Besides COVID-19, GE Healthcare buyers deal with other risks including counterfeit and obsolete parts. “We take counterfeit parts seriously because quality is our top priority,” said Kosmowski. “We have a really a robust process that allows us to trace parts back to the manufacturer,” she said.
She said GE Healthcare has close and trusted strategic suppliers for electronic components. “We work directly with the component manufacturer and their authorized distributors,” said Kosmowski. “We go directly to the semiconductor or component manufacturer and discuss the volumes and pricing with them directly. We don’t leave that up to others,” she said.
GE Healthcare uses authorized distributors because “they have full tracking and traceability back to the manufacturer,” she said.
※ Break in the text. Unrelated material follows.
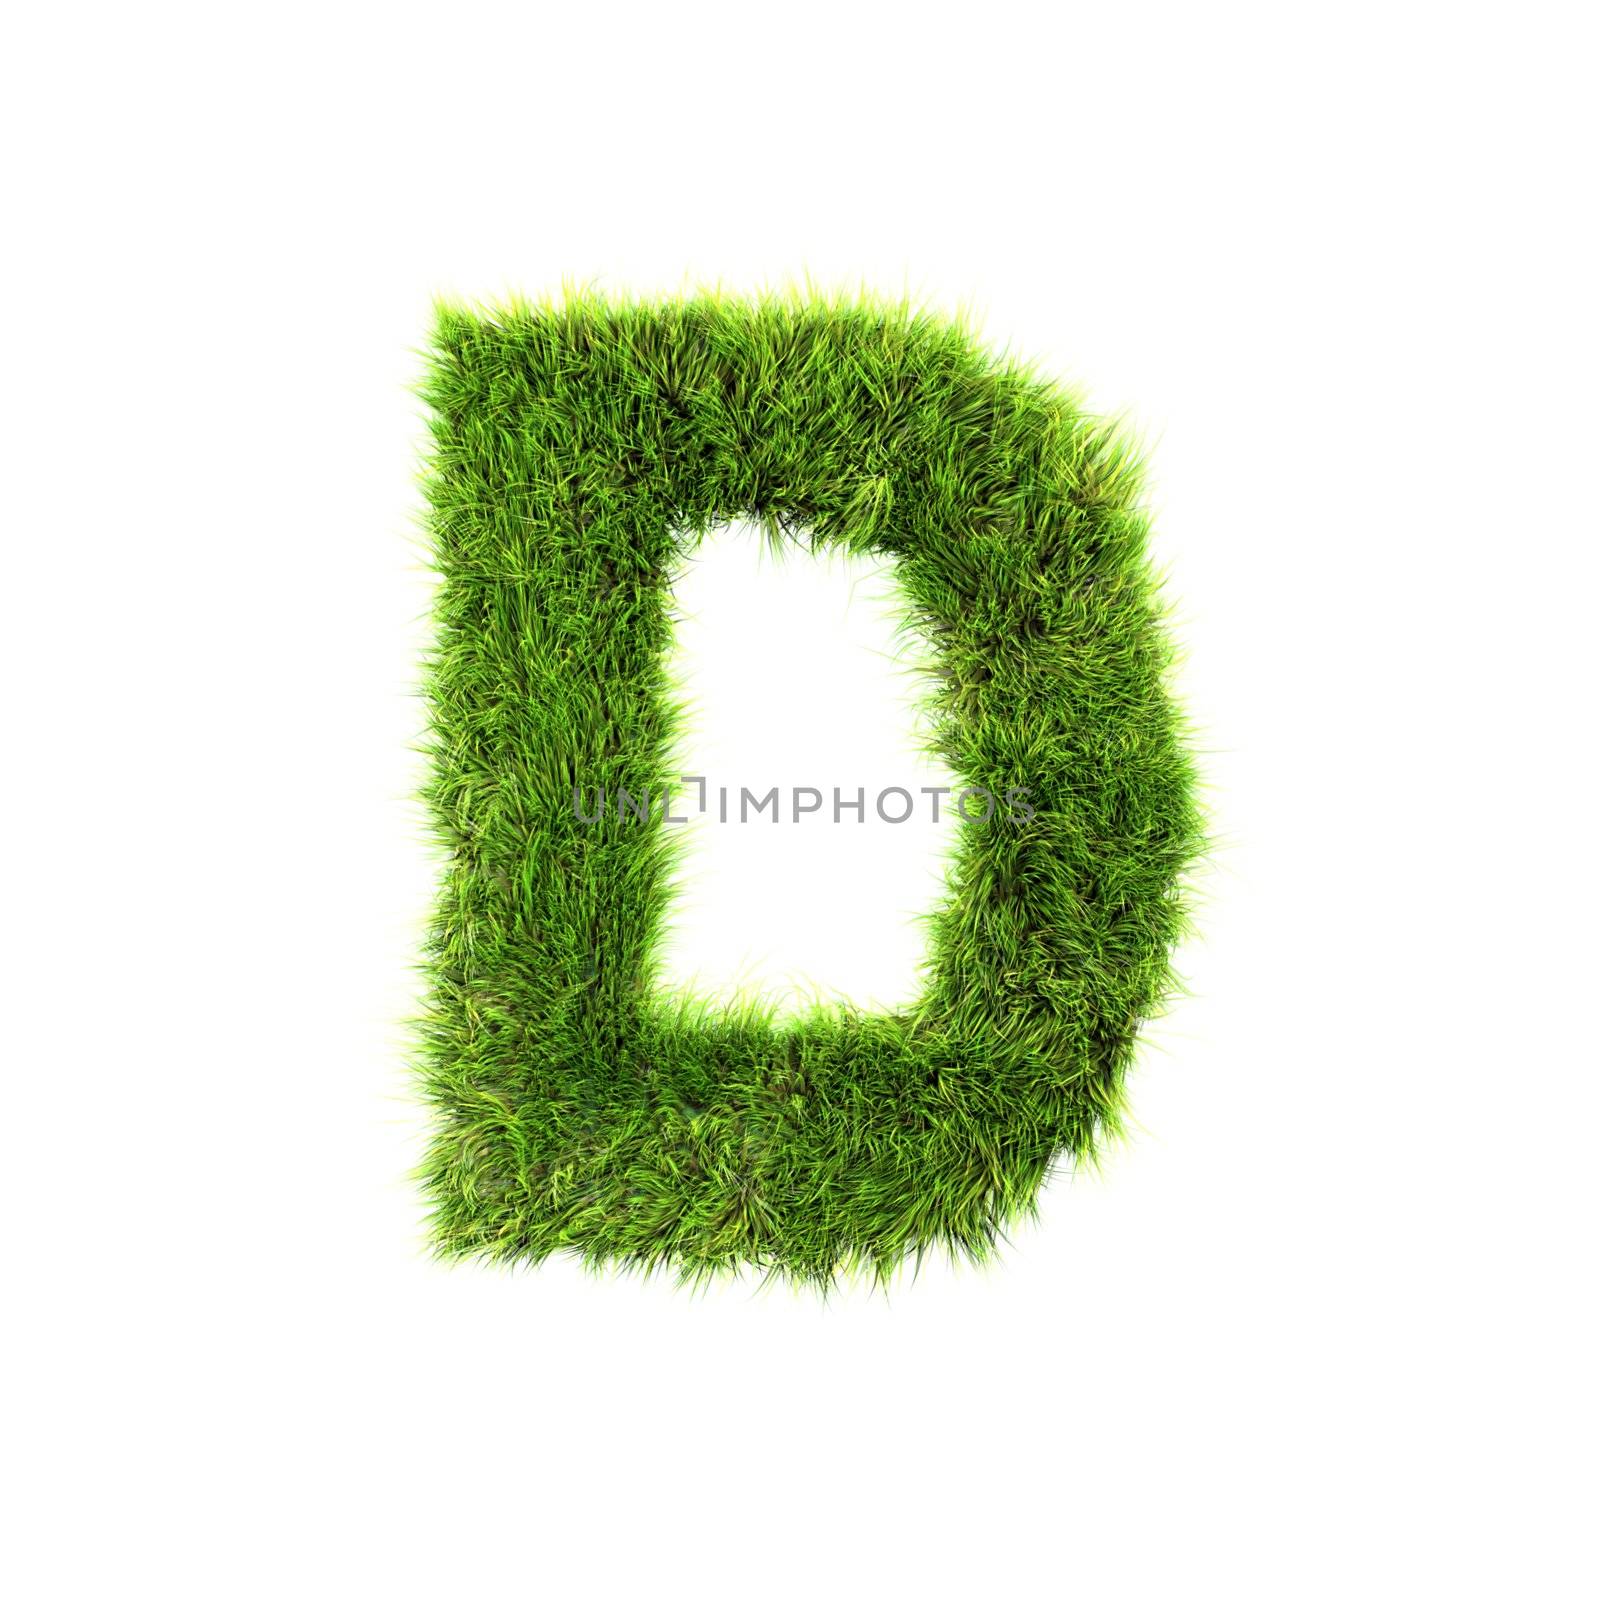 3d grass letter isolated on white background - D

Component obsolescence has always been a supply chain risk management issue in electronics, but it is becoming more acute because the consumer market is a big driver in electronics equipment and consumer products tend to have shorter life cycles than other industrial and medical equipment.
“We have a product lifecycle management that works with our engineering team and suppliers on obsolescence issues,” she said. The idea is to make sure components that may soon go end to life don’t get designed into GE systems. “We’re also monitoring the components that are in our products in the installed base,” said Kosmowski. GE keeps tabs on older components used in GE systems to determine if they will continue to be produced by manufacturers for as long as the GE product will be in the field or manufactured.
Of course, each year component manufacturers send out end of life (EOL) notifications for thousands of parts. GE buyers monitor those notices. If the EOL parts are used in GE products, GE does a return on investment analysis of the product to determine if it should be redesigned using new parts, or if a last time buy should be done with the supplier, or if parts from other suppliers could be used.